Part One is a meticulous description, with a scientist’s precision, of the Drancy camp throughout its existence.

Part Two is a personal and emotional description of several people whom George befriended in the camps, from prominent individuals much older than he was at that time to teenagers whom he helped to survive at amazing risk to himself and self-sacrifice that might be expected towards one’s own sons. It takes the reader to Auschwitz and the death march to Buchenwald after its liquidation. Although the book is entitled “From Drancy to Auschwitz” it was Buchenwald where George was liberated by the Americans.

From the translator

George did not talk much about his captivity, even many years later when we first met in Moscow in 1960. His wife Anna mentioned that when he returned home from Buchenwald he spent weeks in bed, facing the wall. And yet, this book was published in 1946. It means that he wrote it very soon after regaining his physical and emotional strength. Even if he managed to keep notes in the camps, in his microscopic handwriting that amazed me in his letters, he must have made good use of the obsessive German record-keeping to produce all the dates and numbers of deportees that the reader found in this book.

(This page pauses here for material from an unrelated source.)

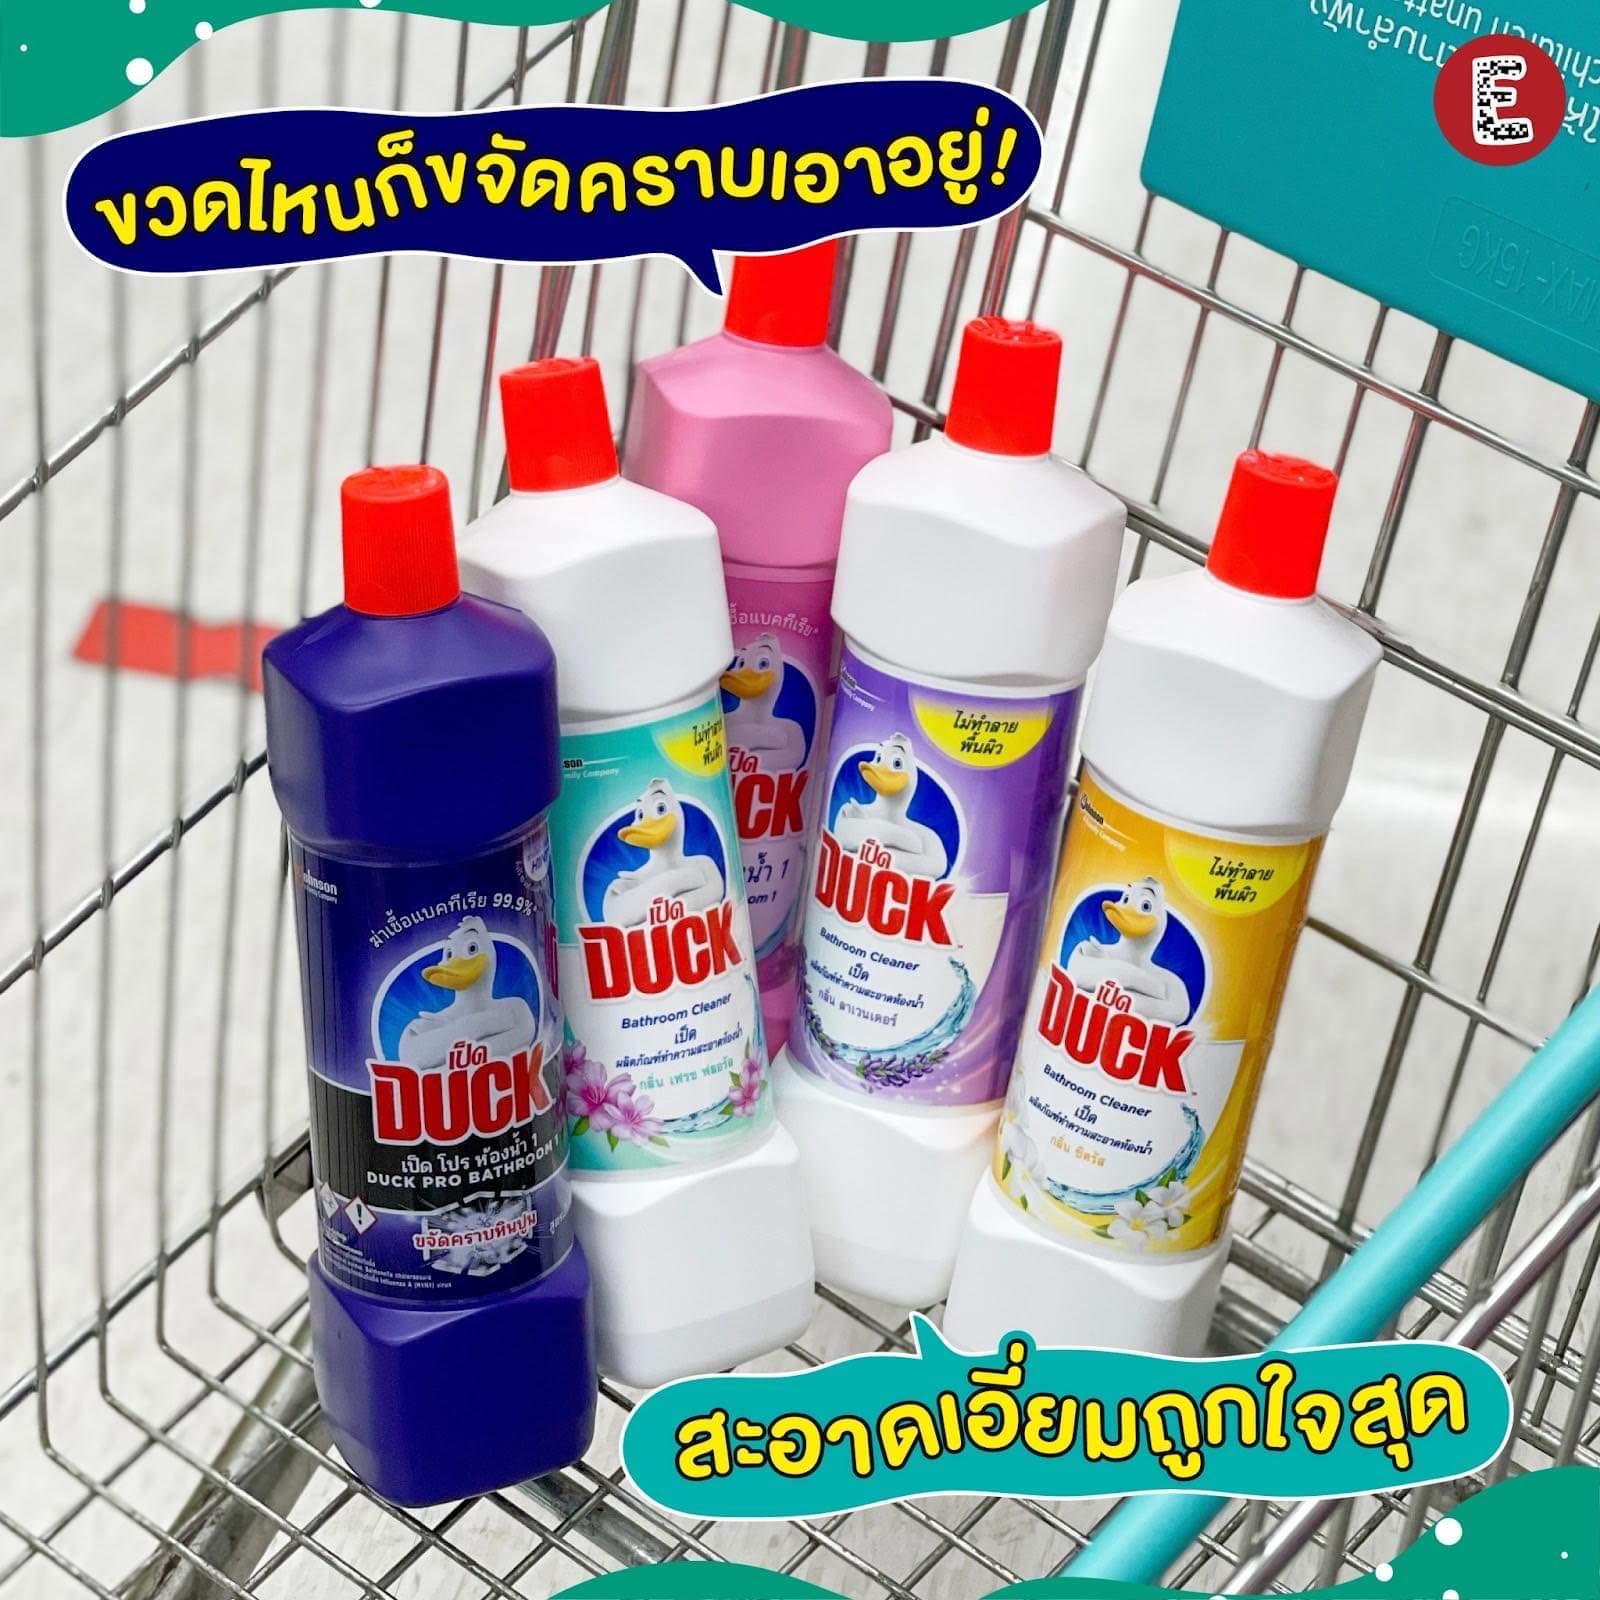 ความคุ้มคือยืนหนึ่ง แลกซื้อผลิตภัณฑ์ทำความสะอาดเป็ด ในราคาพิเศษ!!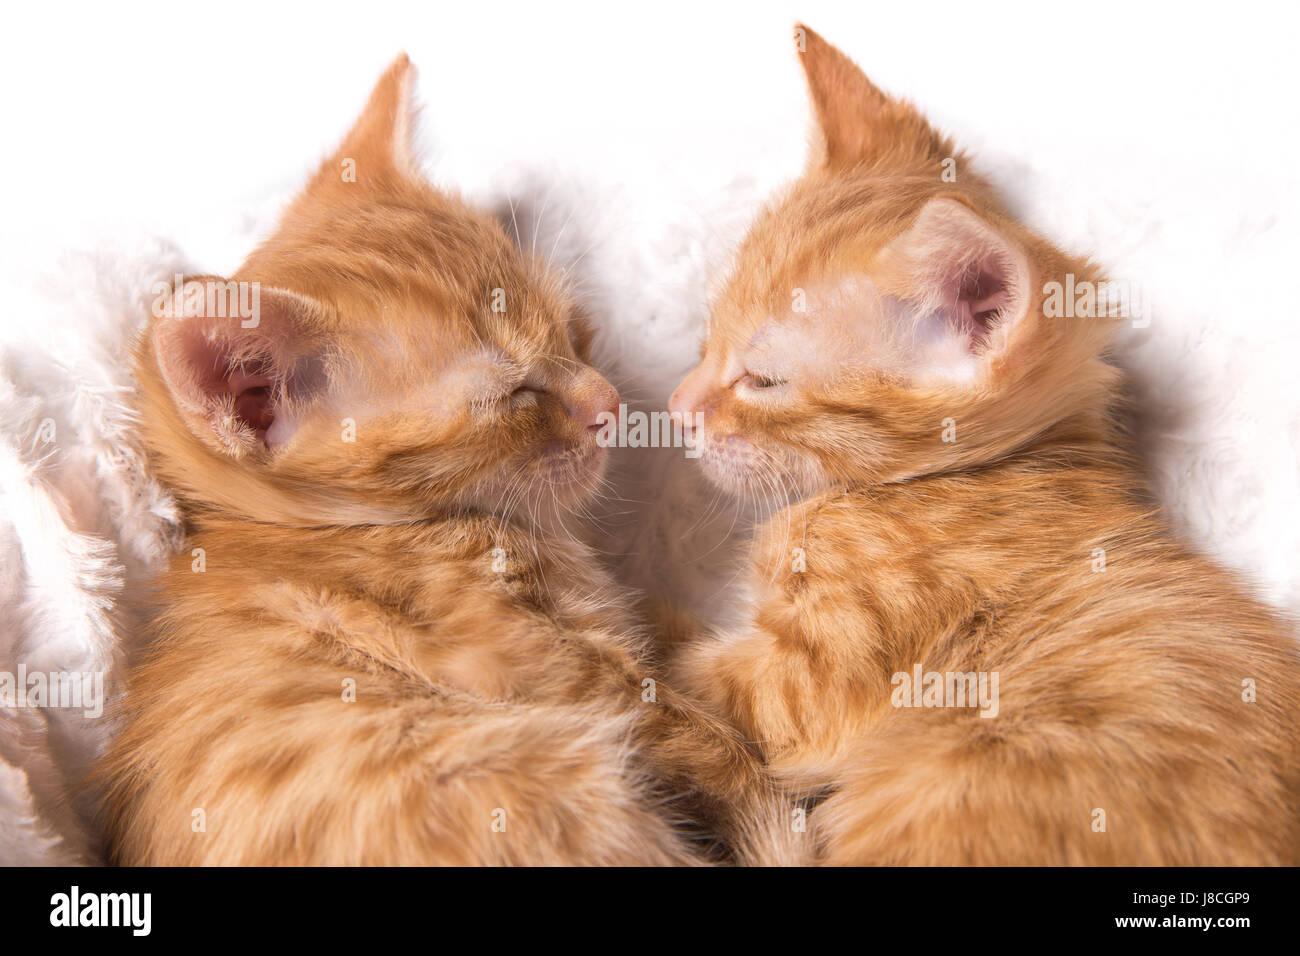 Kittens - Stock Image

He published several other books about the Holocaust, but this one was never translated. Until now. A group of enthusiasts decided to dedicate its Russian and English translations to the memory of those who perished, and those who survived against all odds, so that the younger generation can learn about the Nazi persecution of the Jews from a firsthand account at a time when anti-Semitism is raising its ugly head in so many countries that should know better.

George’s older siblings in Moscow did not know that he survived the war. My father died almost two years before his first letter arrived during the Khrushchev “thaw”— during the war no correspondence with foreign countries was allowed at all, and for many years after the war was very restricted and perlustrated by the KGB, and George realized that a letter from him would damage his siblings’ reputation.

Despite all the deprivations during his captivity, George lived a long a productive life. He died in Paris in 1991 at the age of 86. He excelled in a prominent scientific career, was awarded the Legion of Honor rosette as its Officer, was Vice-President of the Association of Nazi-camp survivors of France.

He was the only French witness at the Eichmann trial in Israel. Transcripts of his three hours of testimony about the deportation of children are available on the Internet and you can see also video of his testimony (in French with English translation from about 6th min to 35th min).

Olga Weller-Lifson

About the author

Georges WellersGeorges Wellers was born in Russia in 1905 (The “s” was added to the name to allow the French to pronounce it correctly, not like Wellé).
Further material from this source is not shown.